Carter's story: How 16-year-old son of Indianapolis Motor Speedway president conquered the Ron Fellows Performance Driving School
Carter Boles takes on the Ron Fellows Performance Driving School near Las Vegas.
(Editor’s note: Doug Boles, president of the Indianapolis Motor Speedway, and his 16-year-old son Carter took on the Ron Fellows Performance Driving School located at Spring Mountain Motorsports Ranch, less than an hour west of Las Vegas. Doug and Carter offered to share their experience with Autoweek readers, and we took them up on it. Here is Carter’s story.)
“Don’t forget, when in doubt, go 5 mph below the speed limit,” my driver’s ed instructor says as we enter a small town with me behind the wheel of a 2003 Dodge Avenger driver’s education car. It’s the car that says “Student Driver” so everyone knows!

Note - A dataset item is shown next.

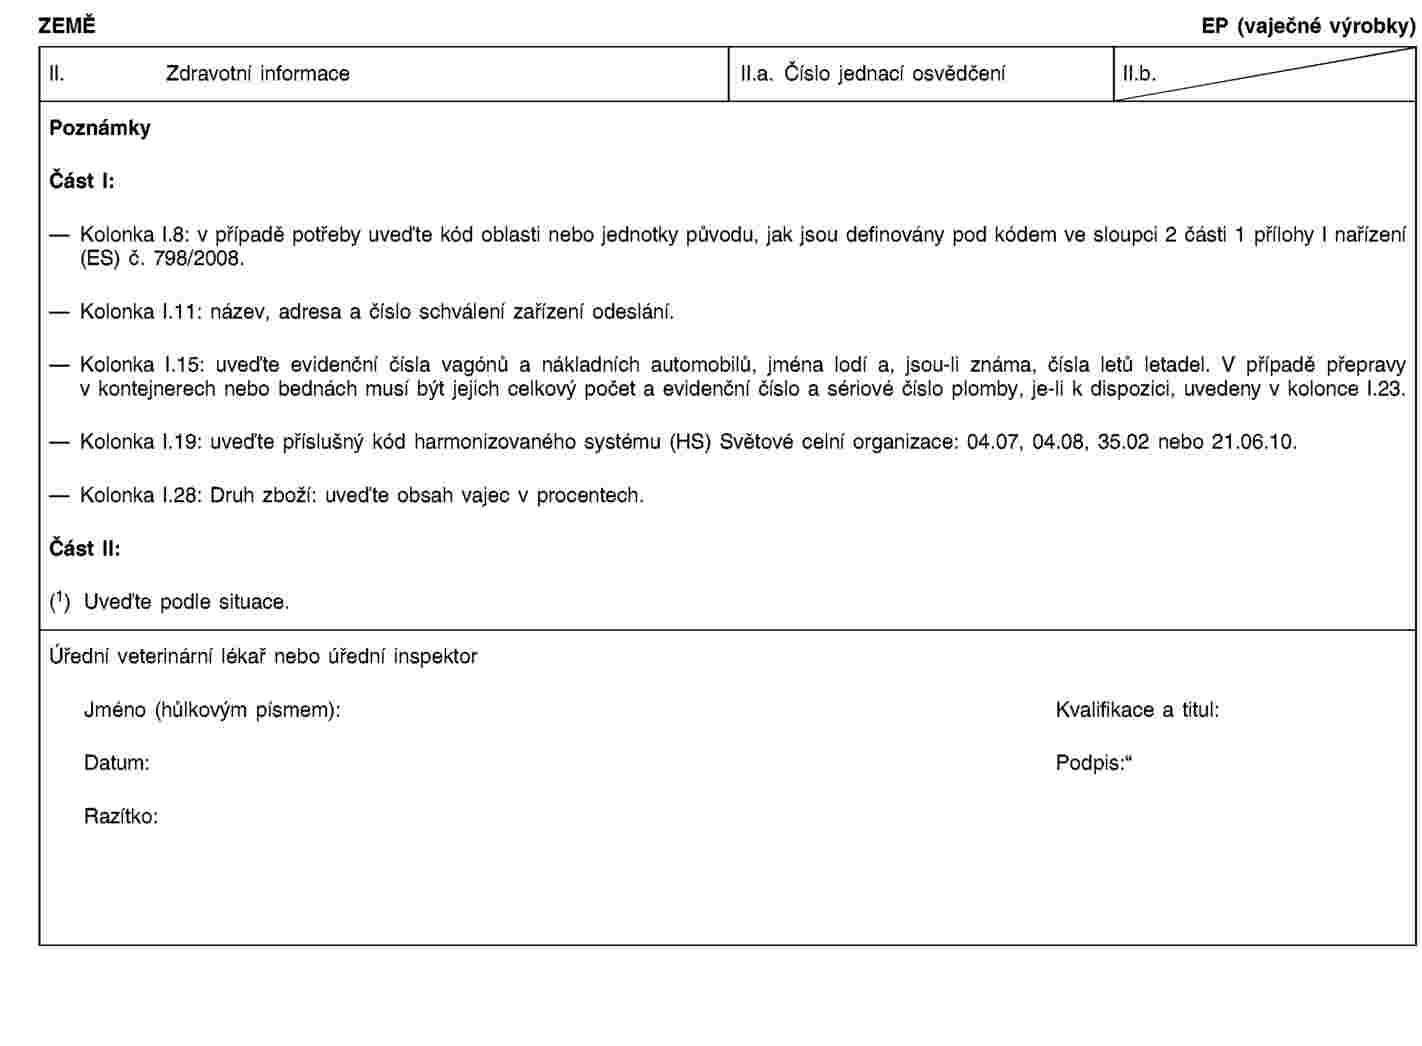 EUR-Lex - 32011R0364 - EN - EUR-Lex

I heed his advice as I drive along, thinking to myself that in just a few hours, my dad and I will be on our way to the Ron Fellows Performance Driving School in Nevada.

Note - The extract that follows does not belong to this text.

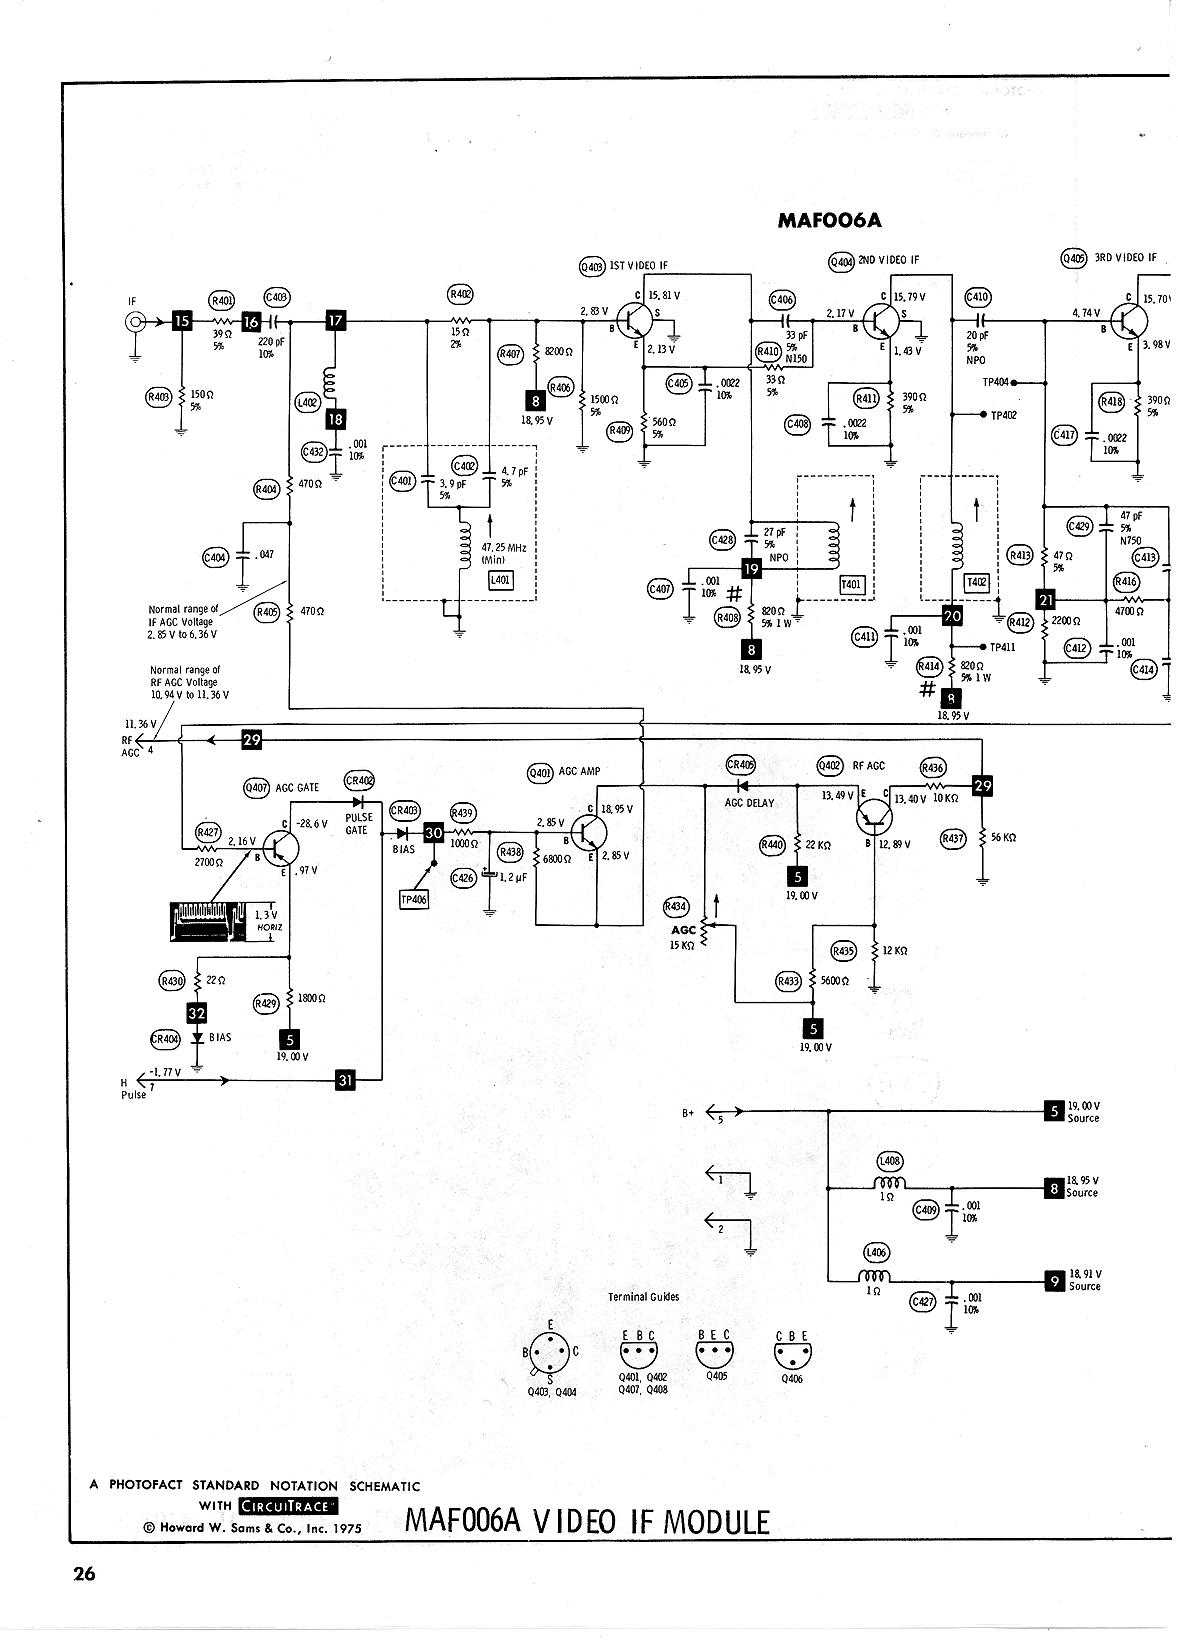 Hitachi Tv Schematic Automotive Wiring Diagram Circuit Index Of Manuals Pong Rh Games Rossiters Com Excavators

When I completed my driving lesson back home, we hopped a plane to Las Vegas and made a quick stop to see my brother, Conor Daly, run the SKUSA Super Nationals in the parking lot of the Rio Hotel and Casino in Las Vegas. Even former Formula 1 driver Rubens Barrichello was there trying his hand against the best karters in the world!
Once Conor’s race ended, we embarked on the hour-and-a-half drive to the Spring Mountain racetrack.
We arrived a little after hours, checked in at the front gate and got the key to our condo inside the track. We woke up the next morning to a beautiful skyline of mountains and the sound and sight of what seemed like hundreds of Stingrays, Grand Sports and ZR1s sitting idly around the property warming their engines. They were everywhere!
Carter Boles, age 16 and fresh from a driving lesson back home, looks over possible rides at the Ron Fellows Performance Driving School.
Dad and I made our way to the main clubhouse where we had a surprisingly stout breakfast before heading to the classroom. I was looking forward to the driving but was a little uncertain about the term “classroom.” But from the initial introduction to the school and what we would be learning, the instructors at Spring Mountain made the classroom fun and relevant to everyday driving.
After the initial classroom session, we took a stroll outside to choose the Corvette we’d have the thrill of driving for the two days. After it caught my eye, I choose the first Corvette in line. It was beautifully colored in a brilliant navy blue (Admiral blue metallic is what Chevy calls it) with jet-black wheels. No. 89A. No “Student Driver” decals!
The format for the Ron Fellows two-day driving school is a rotation between classroom and in-car sessions. We started the driving exercises with a bit of practice in the cone courses, as well as car control practice under heavy braking in dry and wet conditions.
After lunch at the clubhouse, we made our way out to a session in car control on the wet figure-eight pad and a final session of faster, more aggressive cone course driving. Finally, it was time the first track session of the day! The session was a few laps of what the track sessions would look like on our second day. After the session concluded, so did day one.
We headed back to the clubhouse for dinner and walked past dozens and dozens of Corvettes and Cadillacs. There was still daylight. I wondered why we couldn’t just skip dinner and drive more!
The next morning I woke up excited, but also thinking it was unfortunate it was the last day. However, it was an all-on-track day, and the classroom sessions were focused on the elements of proper cornering and driving the course! During the first track session of the day, we were finally able to apply what we had learned in the first day’s exercises to the 2018 Corvette Stingrays on the 2.1-mile, 10-turn portion of the Spring Mountain circuit. We were divided into groups in a lead-follow scenario with the instructors leading at your pace.
As the day progressed, our lap times became increasingly quicker due to the familiarity with the track and the help of our instructors radioing to us through our car radio throughout the sessions. After the final session of the day, we had a graduation ceremony to end the two-day school.
It was disappointing that it was over and that we had to say goodbye to the amazing machines, especially 89A, we had driven for the past two days at this fast and flowing road course tucked away in the mountains.
For a kid like me who absolutely loves cars, especially GM cars, it was one of the coolest things I’ve ever done, and I feel like it will benefit me in many real life situations. But first, I had to get back to those final two hours of Indiana-required instruction time!
Carter Boles will tell anyone who asks, yes, this beat his driver’s ed car back home.